Irwin Lipnowski

Personal information
- Born: May 2, 1946 (age 80)

Chess career
- Country: Canada
- Title: FIDE Master
- Peak rating: 2400 (January 1975)

= Irwin Lipnowski =

Canadian chess player

Irwin Lipnowski (born May 2, 1946) is a Canadian chess FIDE Master.

==Biography==
Lipnowski, who grew up in Winnipeg, was one of Canada's strongest chess players of the 1960s and 1970s. He was awarded the FIDE Master title in 1983.

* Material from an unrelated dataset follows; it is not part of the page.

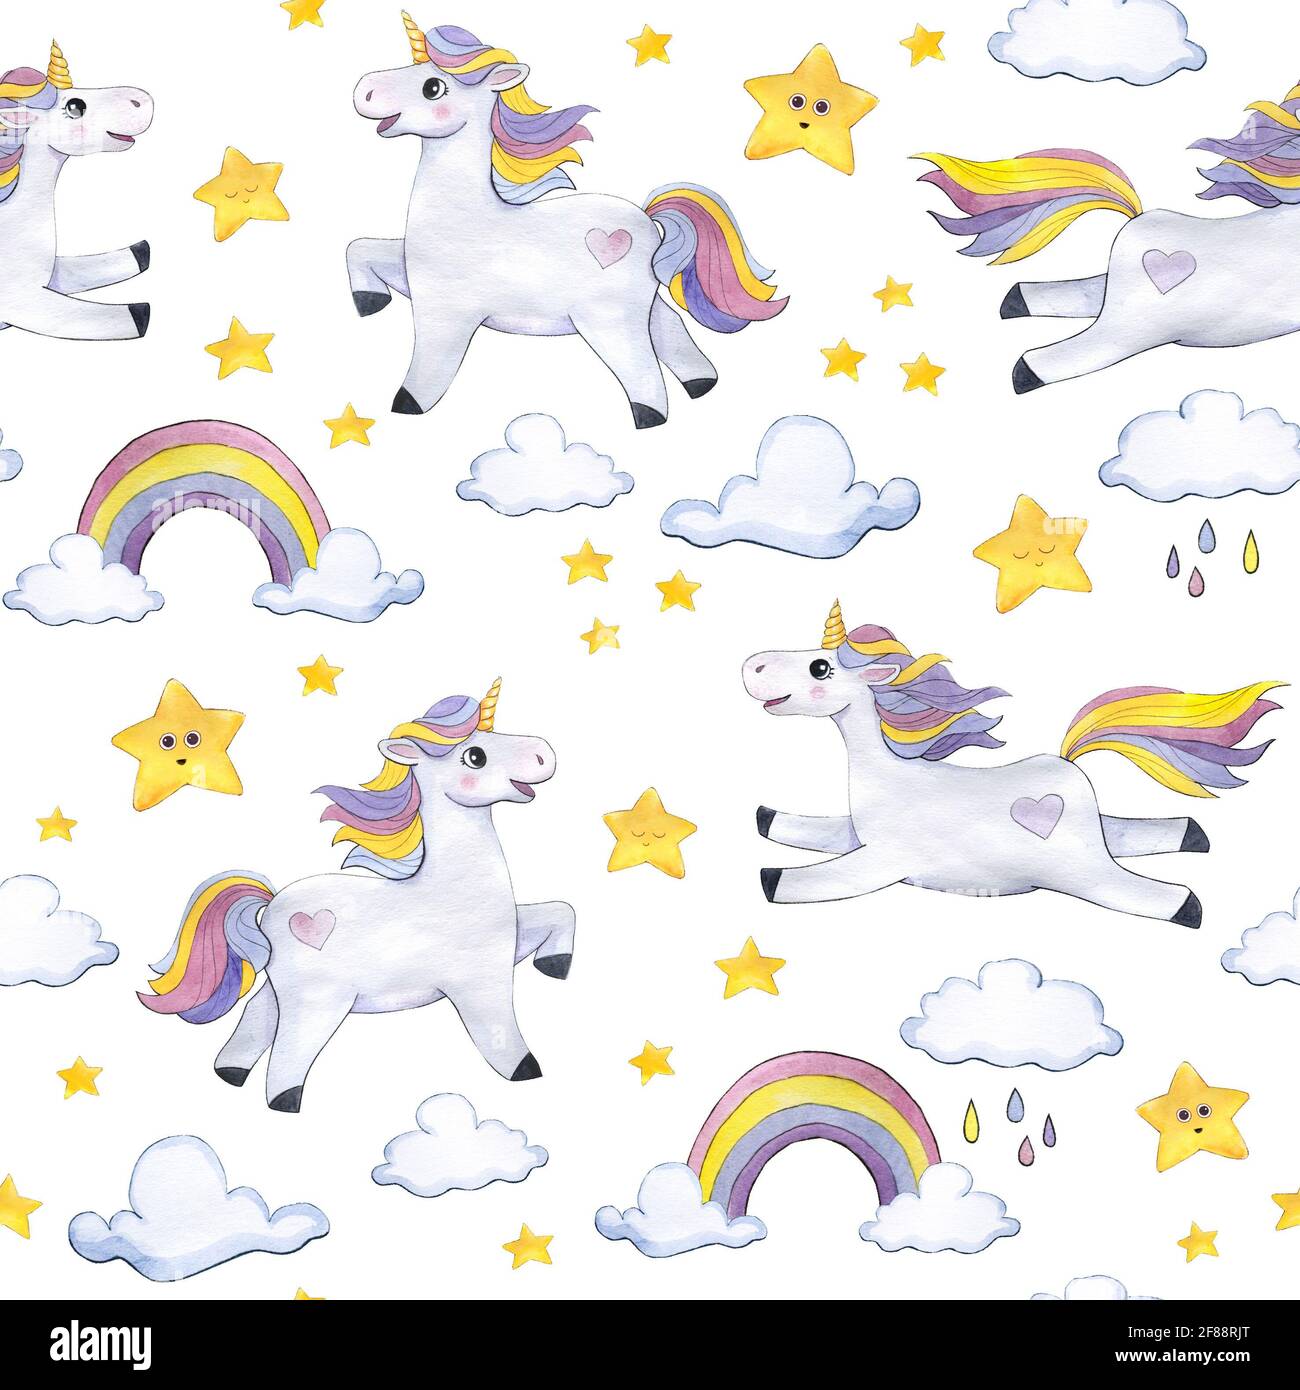 unicorns and rainbows desktop

His competitive accomplishments include:

- 1960, 1962 Winner, Manitoba Junior Championship and in 1959 shared first with Michael Nozick
- 1963, 1978, and 2001 Canadian Chess Championship, placing 6th, 8th, and 17th, respectively
- 1969 Winner, Ontario Open
- 1971 Played fourth board for Canada at the World Student Team Chess Championship in Mayagüez, scoring +1, =2, -2; the team won the bronze medal
- 1974 Placed 7th in the Pan American Chess Championship in Winnipeg
- 1976 Played first reserve board ( scoring +1, =4, -1) on the Canadian men's team at the 22nd Chess Olympiad in Haifa; the team's eighth place finish was its best ever
- 1977 Winner, Manitoba Championship
- 1999 Winner, Manitoba Open
- 2000 Captain and coach of the Canadian team at the World Youth Championship, Oropesa del Mar, Spain

An economics professor, Lipnowski is a faculty member of the University of Manitoba.